Hungarian operations for the nine months ended 1999 and the nine months ended
1998 have been reclassified as operating loss of discontinued operations.

         Provision for income taxes was $3,935,000 for the first nine months of
1999 and $8,426,000 for the first nine months of 1998. This decrease was due to
a decrease in CNTS's taxable income. See "Czech Republic" in Part I, Item 1,
Note 1 and below for a further discussion on Nova TV and the ongoing dispute
between CNTS and CET.

         Minority interest in loss of consolidated affiliates was $203,000 for
the first nine months of 1999 compared to a minority interest in loss of
consolidated affiliates of $592,000 for the first nine months of 1998. This
change was the result of changes in the profitability and, to a lesser extent,
changes in ownership of the consolidated entities.
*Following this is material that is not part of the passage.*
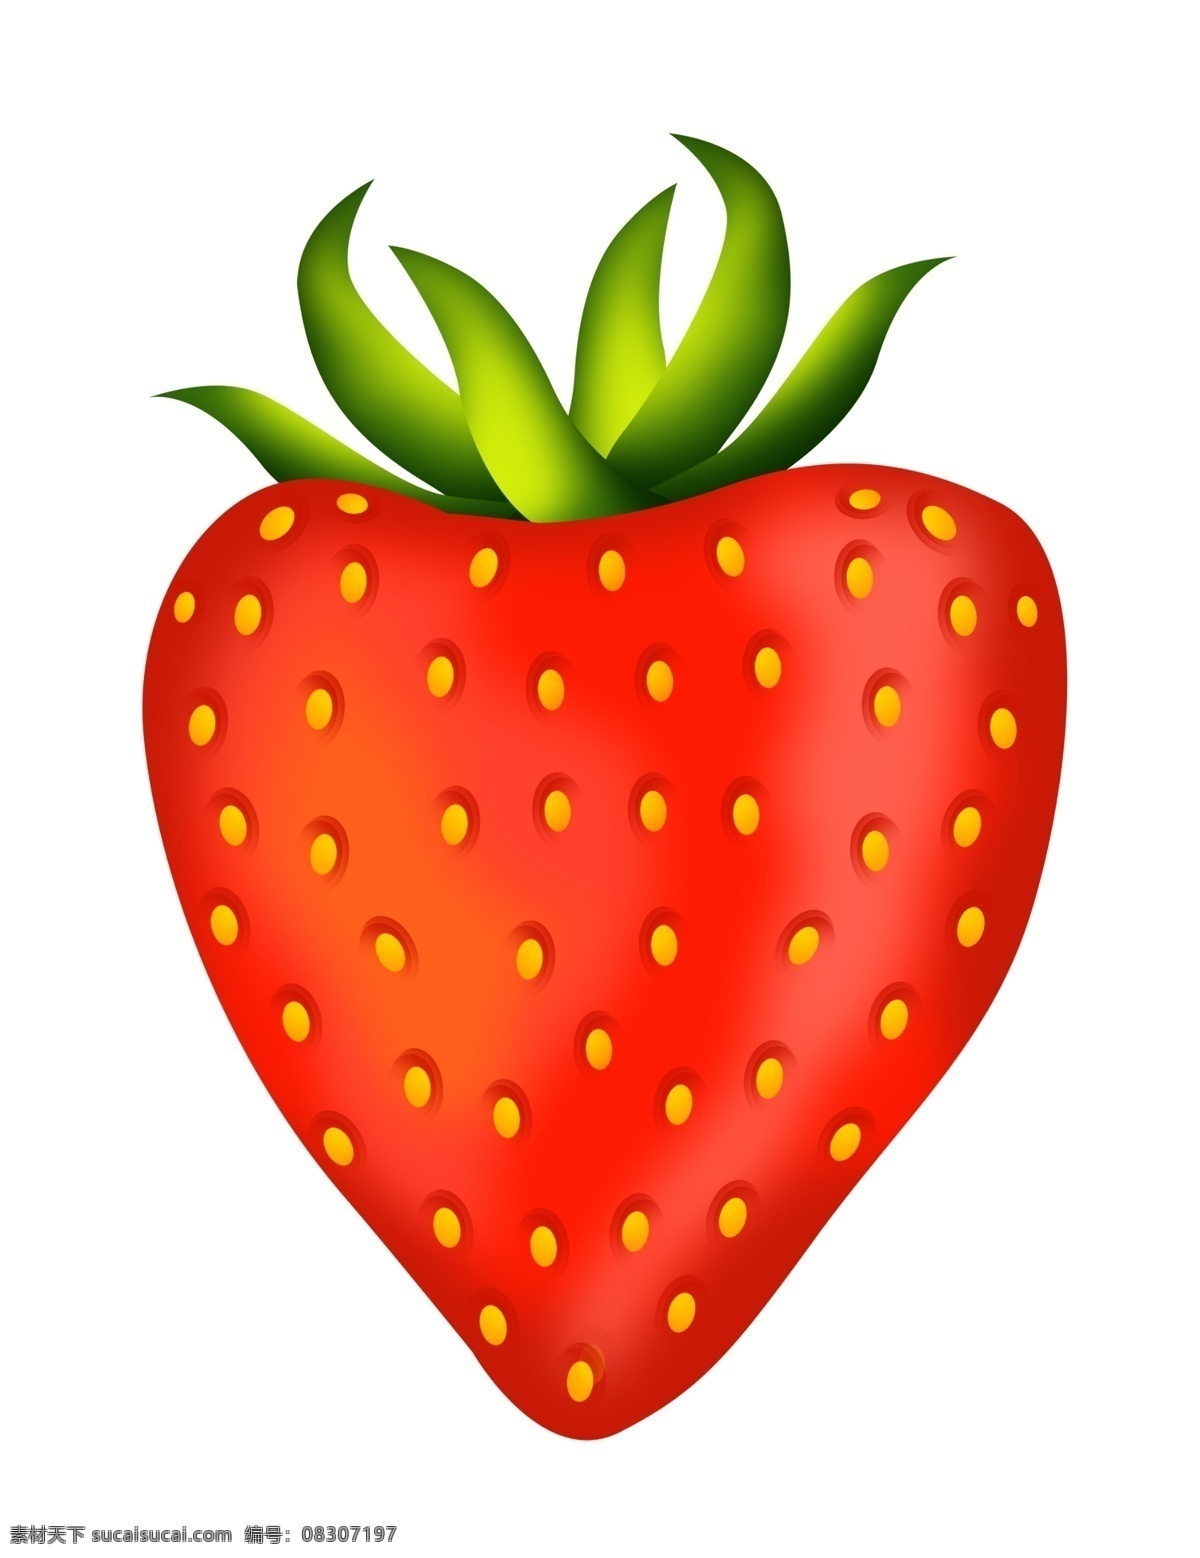 仿真 红色 草莓 插画 手绘仿真草莓 红色草莓插画 美食 食物 美味的水果 手绘水果 手绘草莓

         As a result of these factors the net loss of the Company was
$83,369,000 for the first nine months of 1999 compared to a net loss of
$88,697,000 for the first nine months of 1998.

         Czech Republic

         As discussed in Part I, Item 1, Note 1 under the heading "Czech
Republic" and Part II, Item 1 "Legal Proceedings", CNTS suspended operations on
August 5, 1999 and has not generated any revenues since that date. Consequently,
the Company's results of operations have been materially adversely affected.
Absent other sources of cash, the suspension of operations by CNTS will impair
the Company's ability to meet its future obligations as they fall due. This
suspension was caused by the pre-emption by CET, the license holder for Nova
TV, of CNTS's transmission of the programming for Nova TV and purported
withdrawal from the Services Agreement between CNTS and CET. CET is purportedly
controlled by Dr. Vladimir Zelezny, the former General Director of Nova TV. Dr.
Zelezny was removed as General Director and Executive of CNTS on April 19, 1999.
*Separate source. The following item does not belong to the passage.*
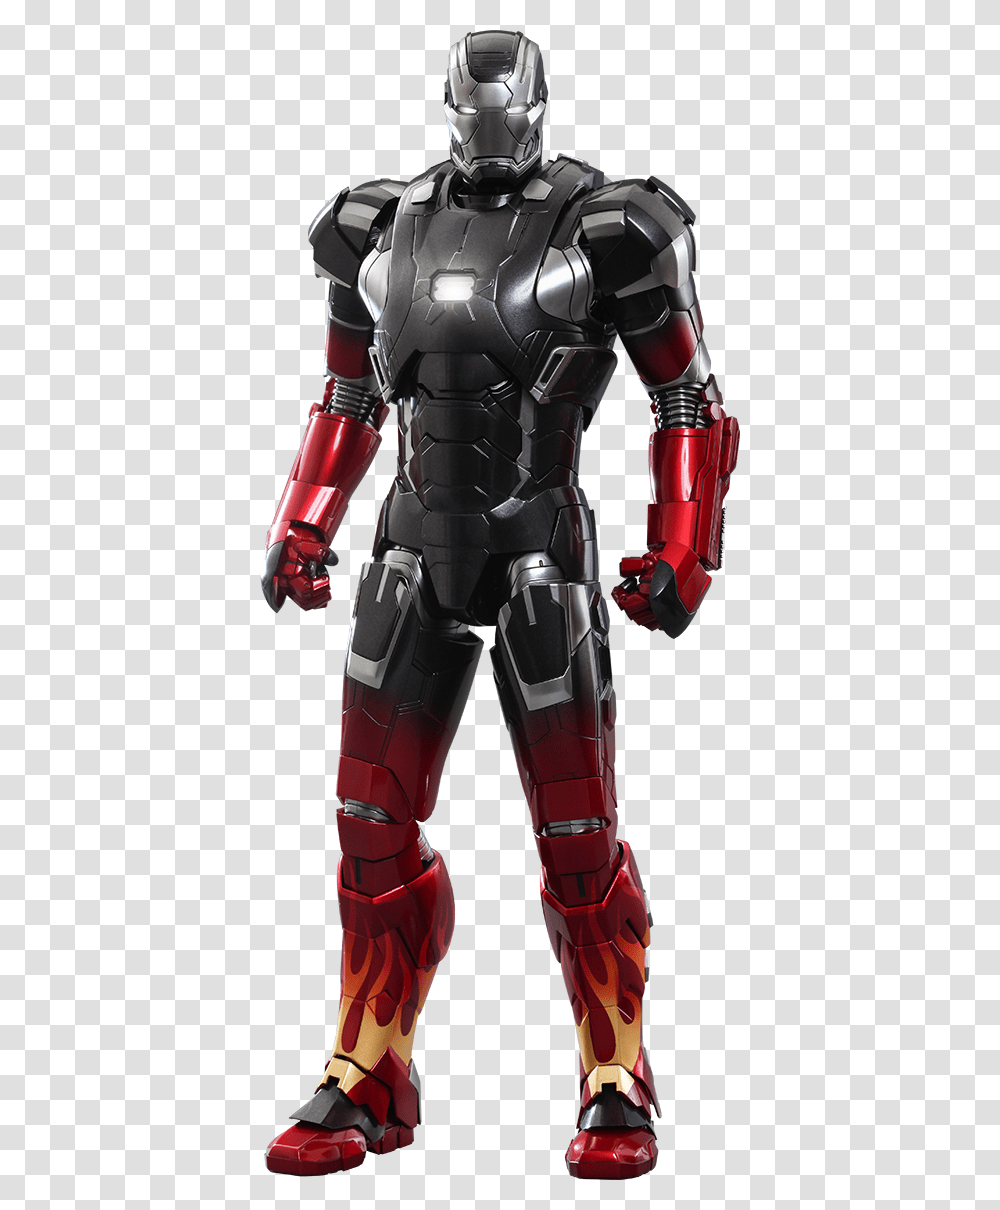 Iron Man, Character, Toy, Robot, Armor Transparent Png

         CNTS is governed by a Memorandum of Association. The Company believes
that the Memorandum of Association, the Services Agreement and course of dealing
over the life of Nova TV establish that CNTS is legally entitled to be the
exclusive provider of television and related services to CET for Nova TV. The
Company believes that the recent actions by CET violate the Services Agreement
and CET's obligations under the CNTS Memorandum of Association, as well as Czech
media laws.

         On April 26, 1999, a wholly-owned subsidiary of the Company filed an
arbitration claim against Dr. Zelezny before the International Chamber of
Commerce Court of Arbitration in Paris, France. The Company seeks the return of
$23,350,000 paid to Dr. Zelezny, plus interest, and other unspecified damages,
based on breaches by Dr. Zelezny of a share purchase agreement entered into in
1997 under which the Company purchased from Dr. Zelezny a company owned by him
whose sole asset was a 5.8% interest in CNTS. The Company is also seeking the
forgiveness of the $5,188,000 unpaid balance of the purchase price under the
1997 share purchase agreement and preliminary interim relief.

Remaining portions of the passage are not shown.